Warnow Tandy, Mirarab Siavash
Department of Computer Science, University of Illinois at Urbana-Champaign, Urbana, IL, USA.
Electrical and Computer Engineering, University of California at San Diego, La Jolla, CA, USA.
Methods Mol Biol. 2021;2231:99-119. doi: 10.1007/978-1-0716-1036-7_7.

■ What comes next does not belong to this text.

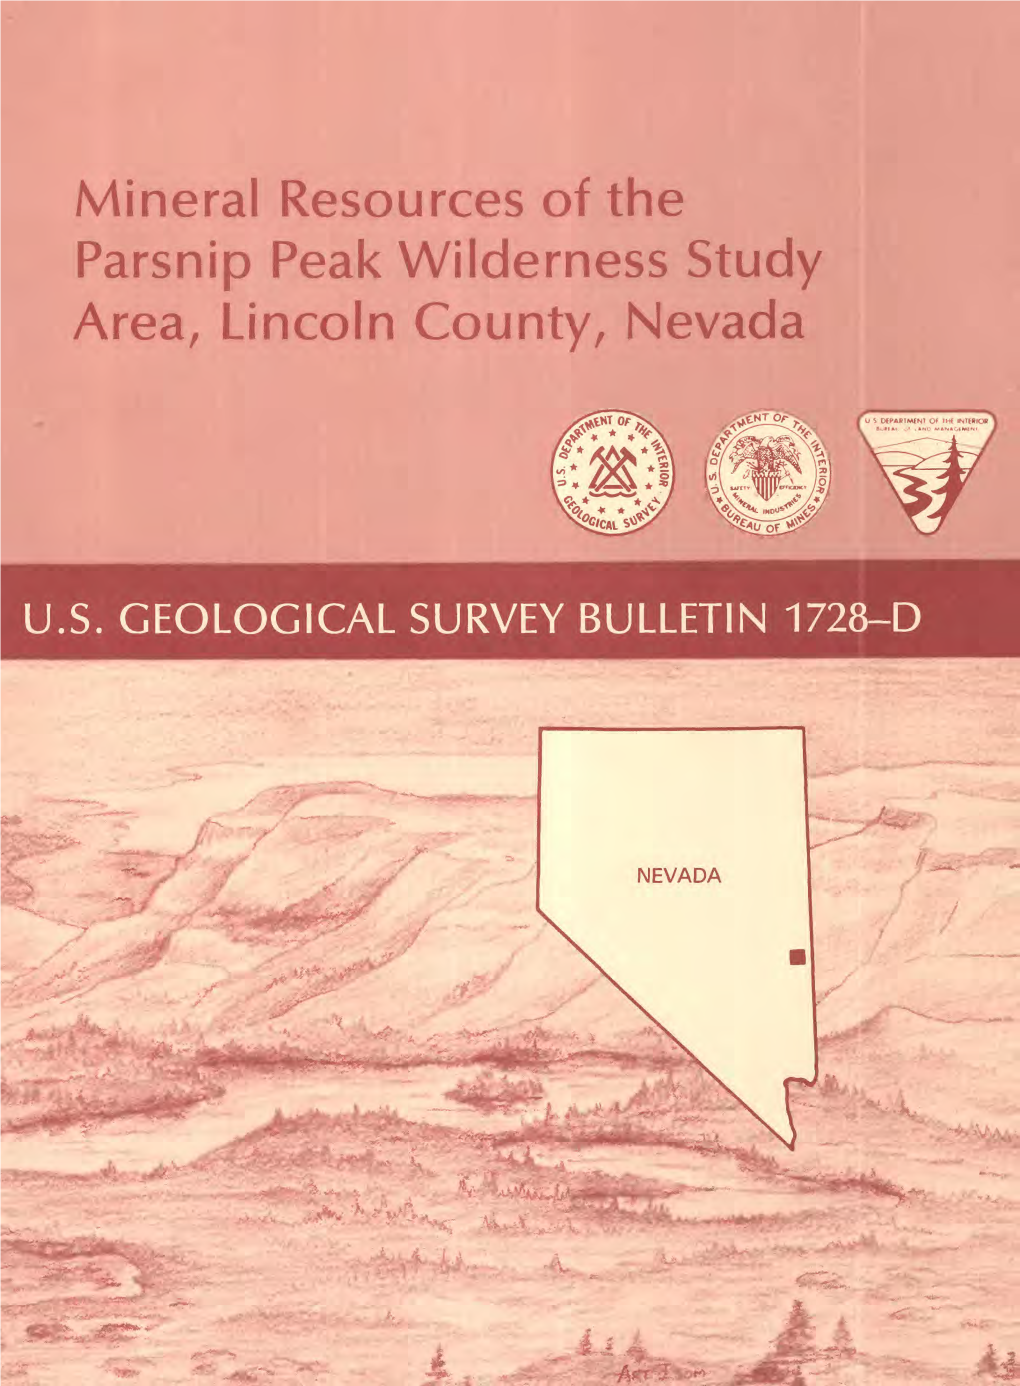 Mineral Resources of the Parsnip Peak Wilderness Study Area, Lincoln County, Nevada

The estimation of very large multiple sequence alignments is a challenging problem that requires special techniques in order to achieve high accuracy. Here we describe two software packages-PASTA and UPP-for constructing alignments on large and ultra-large datasets. Both methods have been able to produce highly accurate alignments on 1,000,000 sequences, and trees computed on these alignments are also highly accurate. PASTA provides the best tree accuracy when the input sequences are all full-length, but UPP provides improved accuracy compared to PASTA and other methods when the input contains a large number of fragmentary sequences. Both methods are available in open source form on GitHub.
估计非常大的多序列比对是一个具有挑战性的问题,需要特殊技术才能实现高精度。在这里,我们描述了两个软件包——PASTA和UPP——用于在大型和超大型数据集上构建比对。这两种方法都能够在100万个序列上生成高度准确的比对,并且基于这些比对计算出的树也高度准确。当输入序列都是全长时,PASTA提供了最佳的树准确性,但是当输入包含大量片段序列时,与PASTA和其他方法相比,UPP提供了更高的准确性。这两种方法都可以在GitHub上以开源形式获取。